I'd be thrilled to introduce these tools into the public domain through
biopython and to provide more, related tools as feedback warrants them and
as I understand more about where they fit into the biopython project.

Thanks to everybody who supports the biopython and other open source
projects and I look forward to learning from your comments, testing and
suggestions.

Sincerely,

Robert Bussell, Jr.
rgb2003@med.cornell.edu

-------------- Program and instructions -------------

I would appreciate your feedback and testing.  Here are some
instructions for setting things up on your computer.  Please let me know if
you use these tools even if you don't have a specific comment.

NOTE: At the moment the program and modules do not depend on biopython in
any way.  It should only be necessary to have python installed to run them.


(1) Create or locate an existing directory for the modules I provide
    below.  Copy all three of the modules (readtools, writetools and
    xpktools) into that directory.

(2) Edit the line in predictnoe2.py that reads

	 sys.path=[sys.path,"/usr/people/robert/bin/python/lib"]

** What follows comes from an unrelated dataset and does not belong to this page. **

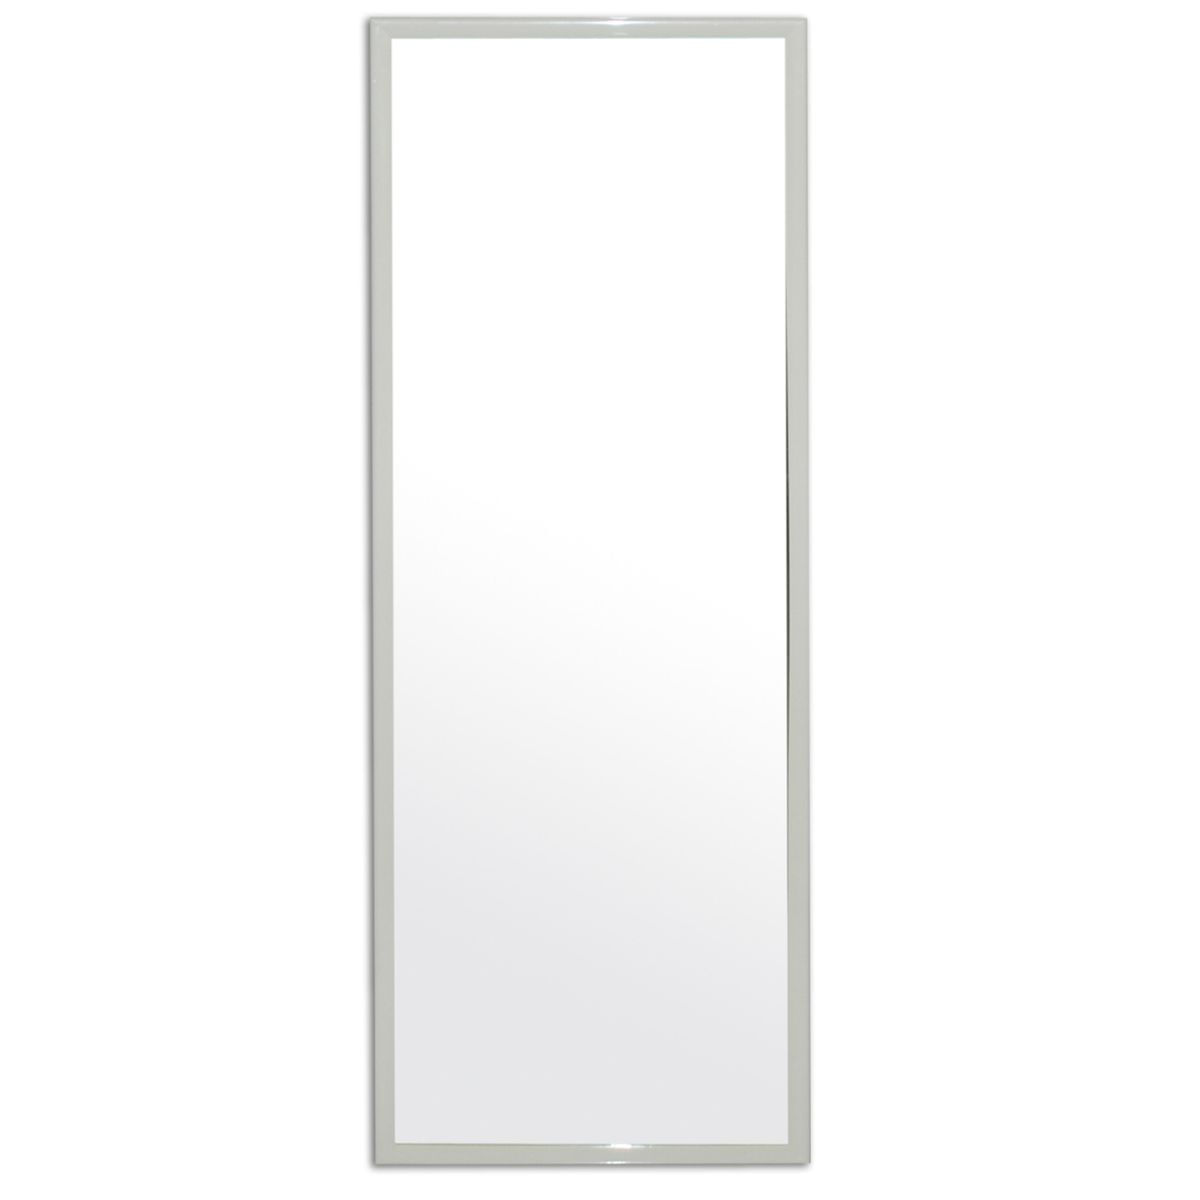 Espelho Emoldurado Retangular Carrefour 90x30cm - HO55216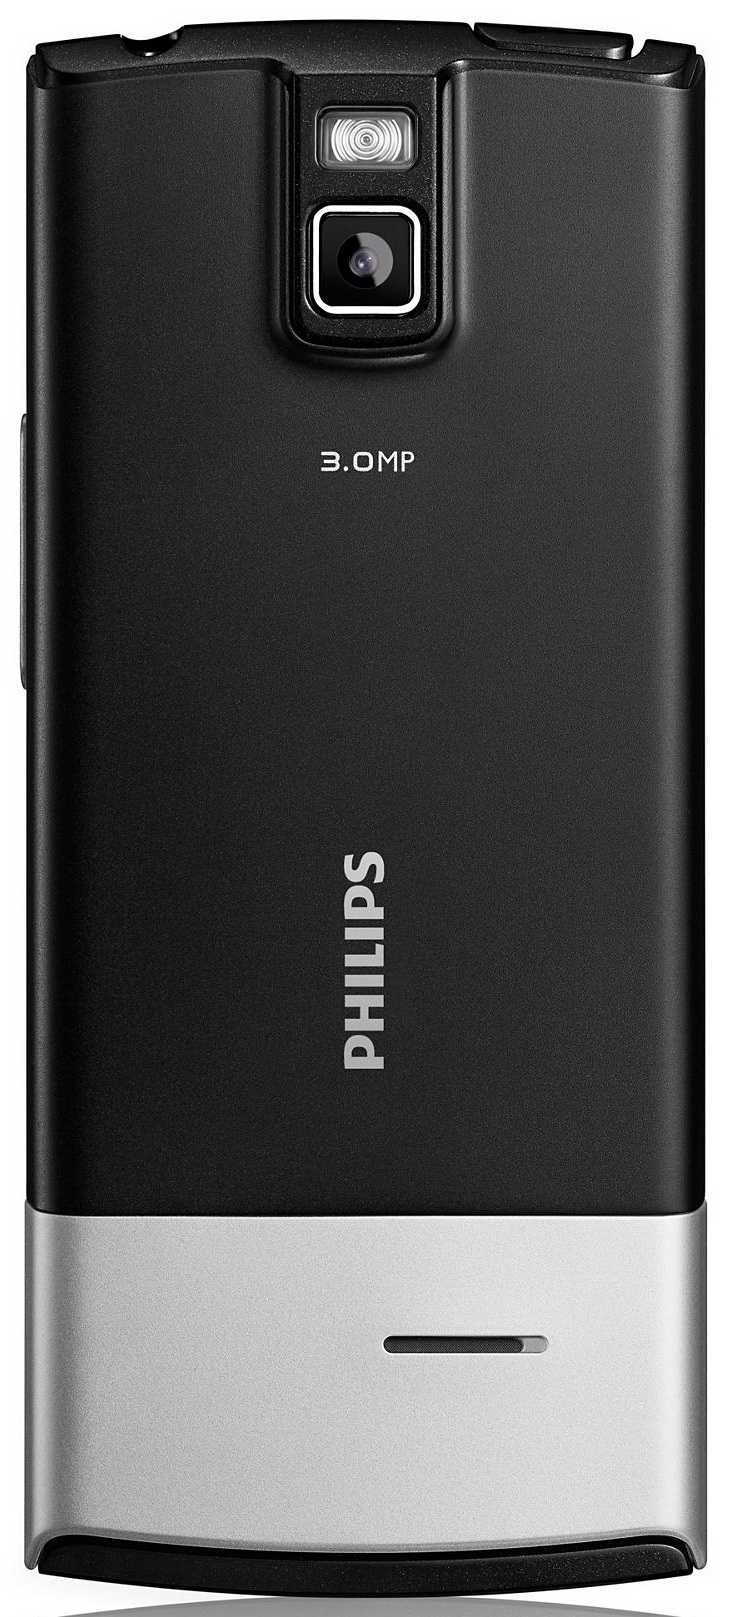 Описание филипс. Philips x332. Телефон Филипс x332. Philips 332. Телефон Philips 332.

    so that it points your local directory that contains the modules
    listed in step 1.

(3) The first line of the program 

	#! /usr/bin/env python

    may have to be modified to point to the python interpreter on 
    your computer.

(4) Cut and paste the input peaklist (noed.xpk) from below (or use
    your own data).  You will need to specify this file location as
    an input parameter to predict


(5) Make predictnoe2.py executable and invoke it with the command:
 
    predictnoe2.py --inxpk noed.xpk --outxpk noex.xpk 
    --increment 1 --detectatom H1 --fromatom 15N2 --relayatom N15

    NOTE: This mode sets up an i->i+1 and i->i-1 prediction where
    the directly detected proton is attached to the N15 nitrogen and
    the 15N2 atom is attacted to the proton from which the coherence
    originates.
    
(6) Inspect the output in the --outxpk file (noex.xpk if following
    step 4 literally) and/or load it into nmrview and overlay it on	 a
    spectrum.
    
CAVEAT: Be careful in cutting and pasting the code, especially if
    you are unfamiliar with the xpk data format.  It could easily be
    scrambled if it acquires false line feeds.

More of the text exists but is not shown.